Investigating apartheid

'FACING THE TRUTH' WITH BILL MOYERS

March 26, 1999

To anyone with hope for humanity's progress, "Facing the Truth with Bill Moyers" really is must-see TV.

This supremely fair-minded two-hour documentary (March 30, PBS, 9-11 p.m.) about South Africa's Truth and Reconciliation Commission hearings, which ended last fall, will open the eyes and stir the conscience. It is the best kind of investigative television journalism.

Police, military, and political leaders come forward to tell the truth about atrocities they committed - many still believing they were "only following orders" or were "serving their country."

The incentive for the perpetrators' honesty is the hope of amnesty.

"People were not going to talk unless they had some protection against prosecution," says Mr. Moyers in a telephone interview. "Now, they don't automatically get amnesty because of the hearings [anti-apartheid leader Steve Biko's killers were recently denied amnesty], but they have a better chance" if they talk.

He goes on to explain:

"If this commission had not been appointed, these hearings not held, and amnesty not been promised, it is altogether possible that South Africa would still be locked in a civil war.

"When [black leader Nelson] Mandela was freed, even though the black majority was in the ascendancy, the white minority still had the guns and the means to carry on a long-running guerrilla war. President Mandela, Archbishop Desmond Tutu, and others [felt] that unless they held out the offer of amnesty, the guerrilla war would be so costly and so prolonged that the country would never get on its feet."

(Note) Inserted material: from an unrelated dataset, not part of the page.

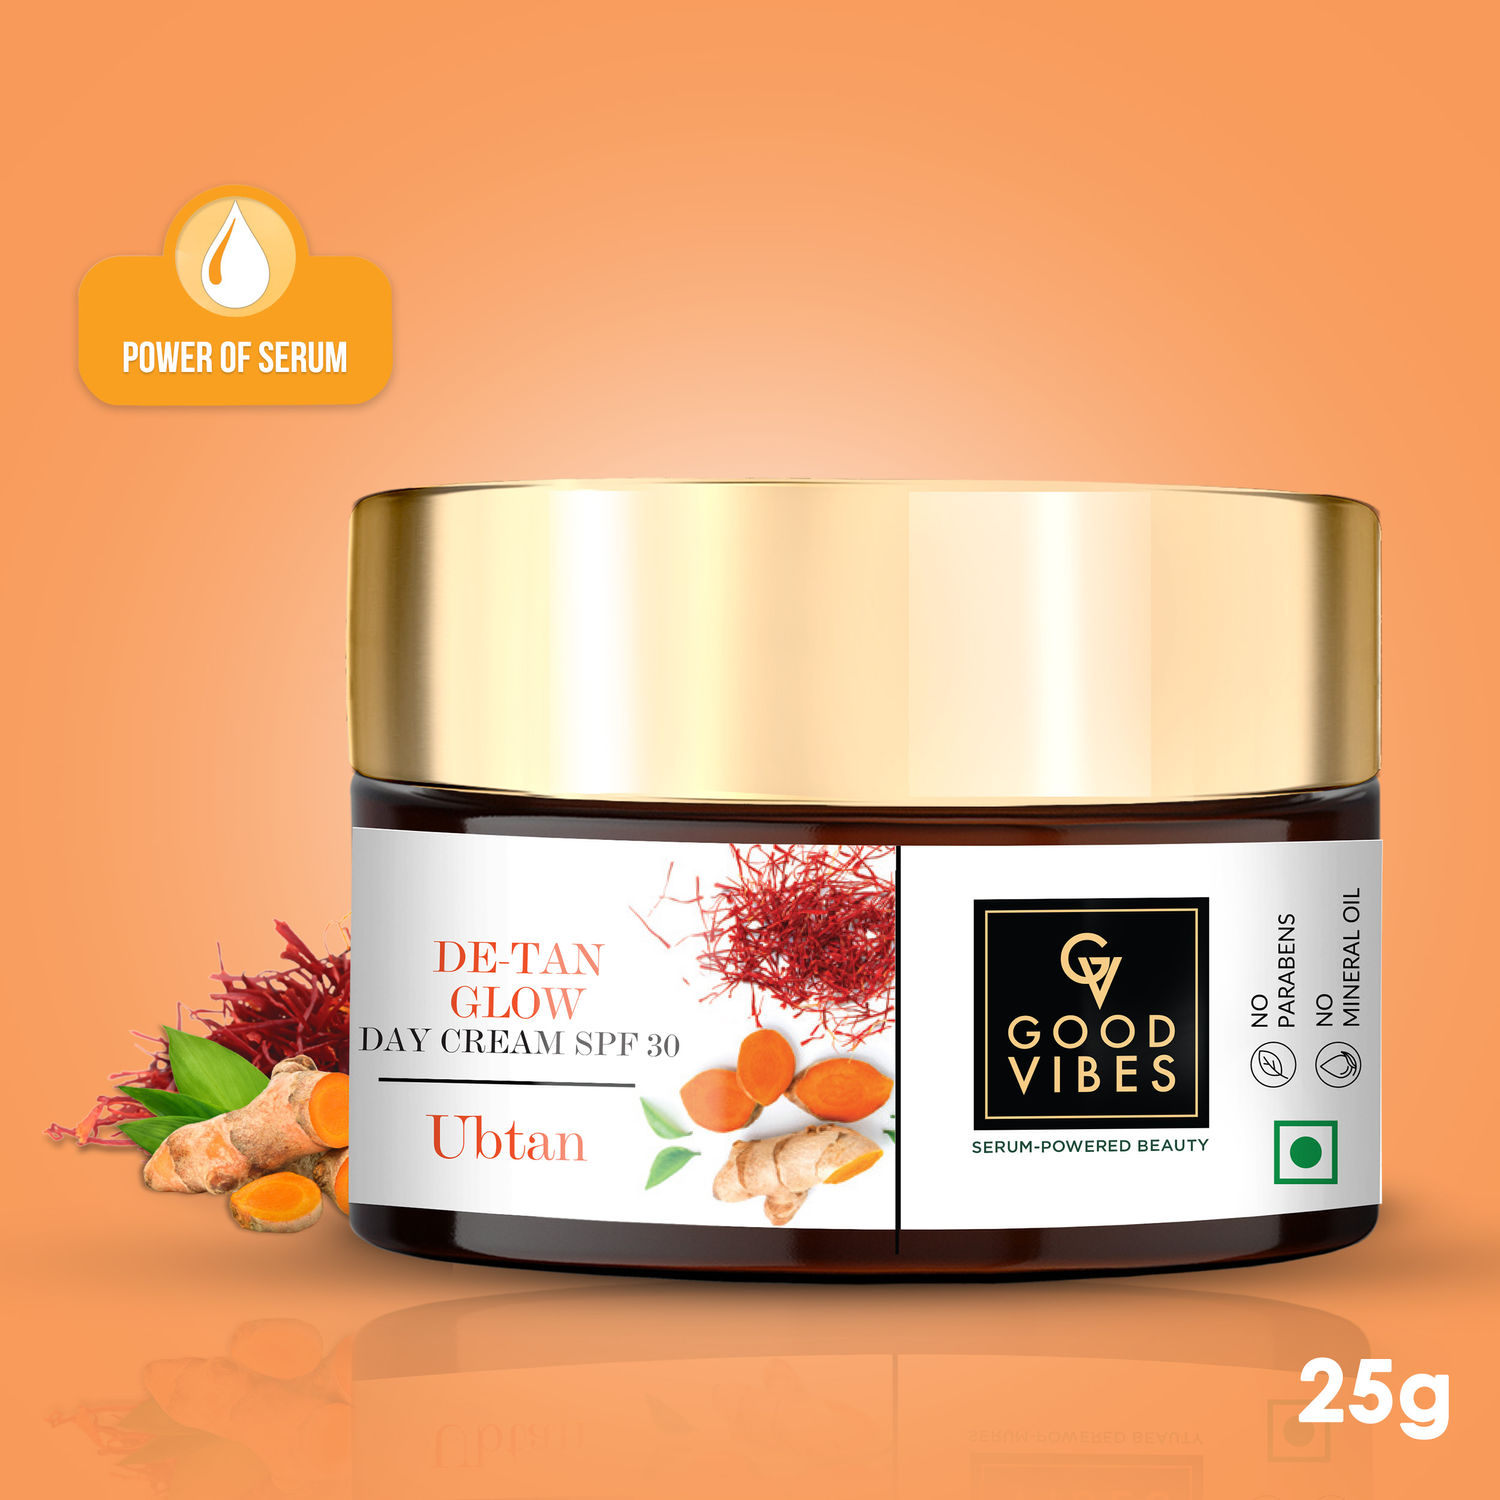 Good Vibes Ubtan De-Tan Glow Day Cream SPF30 with Power of Serum (25g)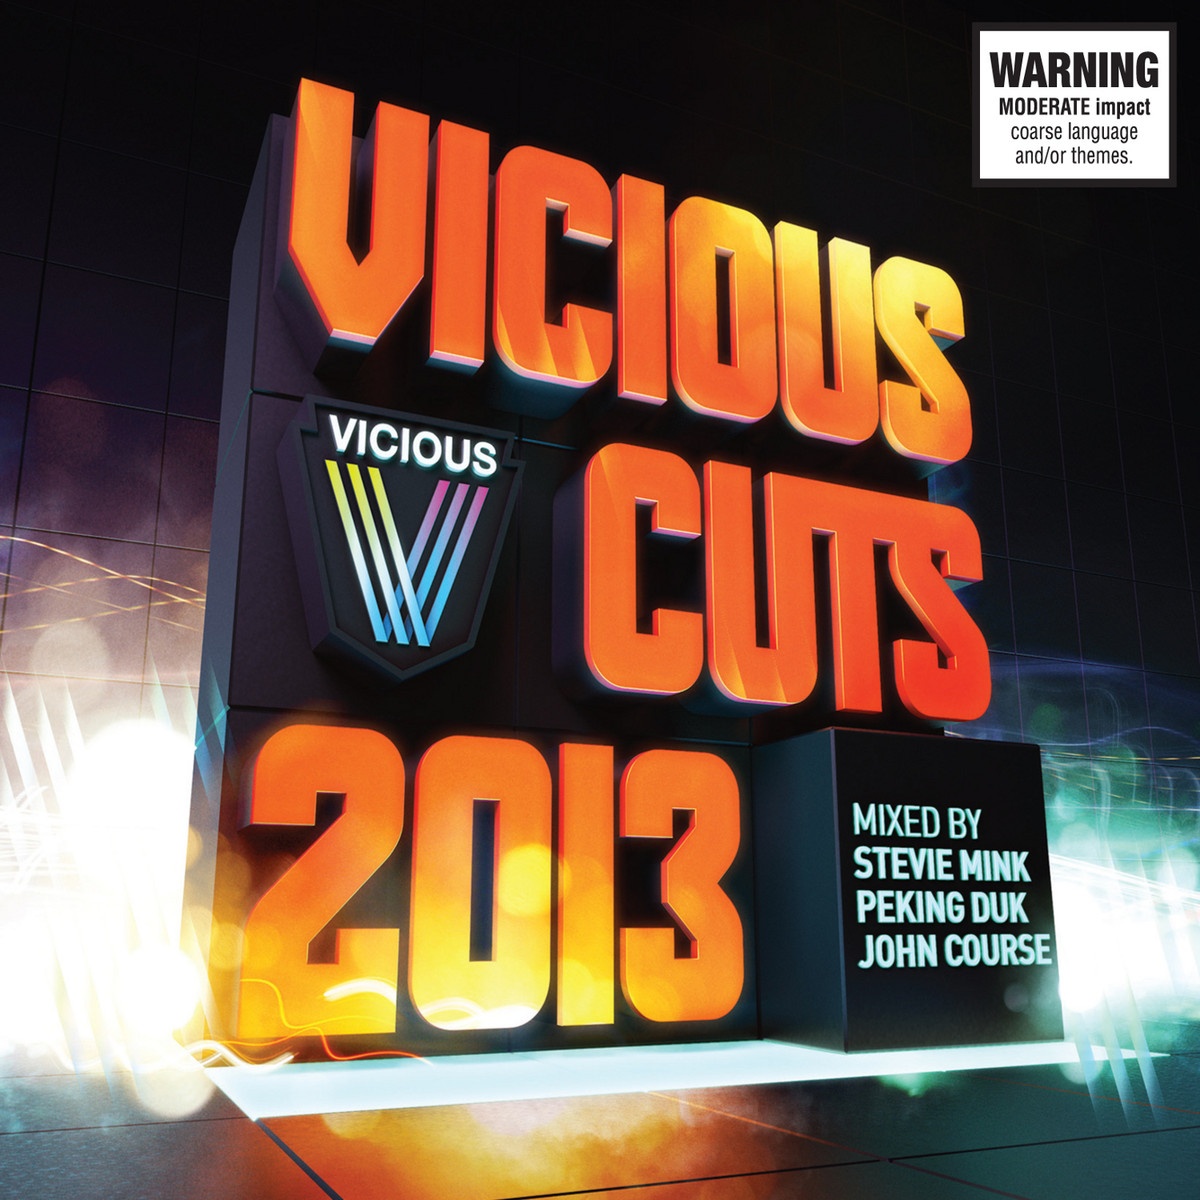 Vicious Cuts 2013

These crimes against humanity were taking place mostly during the negotiations to end apartheid between 1991 and 1994. Moyers interviews journalists and victims, as well as perpetrators, who tell their stories simply and honestly. Though atrocities by the white apartheid government are never described in horrific detail, we visit the cells and prison yards where they took place. Even these restrained descriptions are difficult to hear.

TV has largely ignored the events in South Africa since Mandela was elected president. Some of those events have been earthshaking, Moyers points out. So this gripping documentary is timely and welcome - opening as it does the window on recent events.

A dean of high-quality TV journalism, Moyers is the right man for the job, partly because of his professional stature and partly because he is a man of conscience and conviction. He understands the healing power of forgiveness, even as he reveals the very human desire for retribution. And he reveals the tensions between the two.

"I know from my own experience as a human being and as a student of religion that this conflict is there," Moyers says. The son of one woman, Maria Ntuli, disappeared in 1986. Her "calls for retributive justice were struggling with her own [Christian] faith - you could see it in her eyes, in her voice, in her face. She was torn between these two conflicting inclinations in the human heart.

"But if you understand that emotions and issues are not black-and-white and that it is possible for people to hold two conflicting emotions in their psyches at the same time, it helps the listening."

The people of South Africa have much to forgive and much to heal. Among those seeking amnesty are black guerrillas who used terrorist means to fight apartheid. Some of them have confessed to bombing white churches and have asked forgiveness of the families of their victims.

But the lion's share of human-rights violations lie with the former white minority government. Some political leaders have denied knowledge of the death squads and torture chambers they did indeed support - as various witnesses show in their testimony.

Moyers lets no one off the hook.

"This is a story one tends to invest one's emotions, one's history, one's experience in," he says.

"I just kept following it - reading books about South Africa, watching the fight in the '80s in [the US] to get corporations and universities to support the boycott Archbishop Tutu called for in the early '80s.... So naturally when the Truth and Reconciliation Commission was appointed, I wanted to follow the story into its next chapter."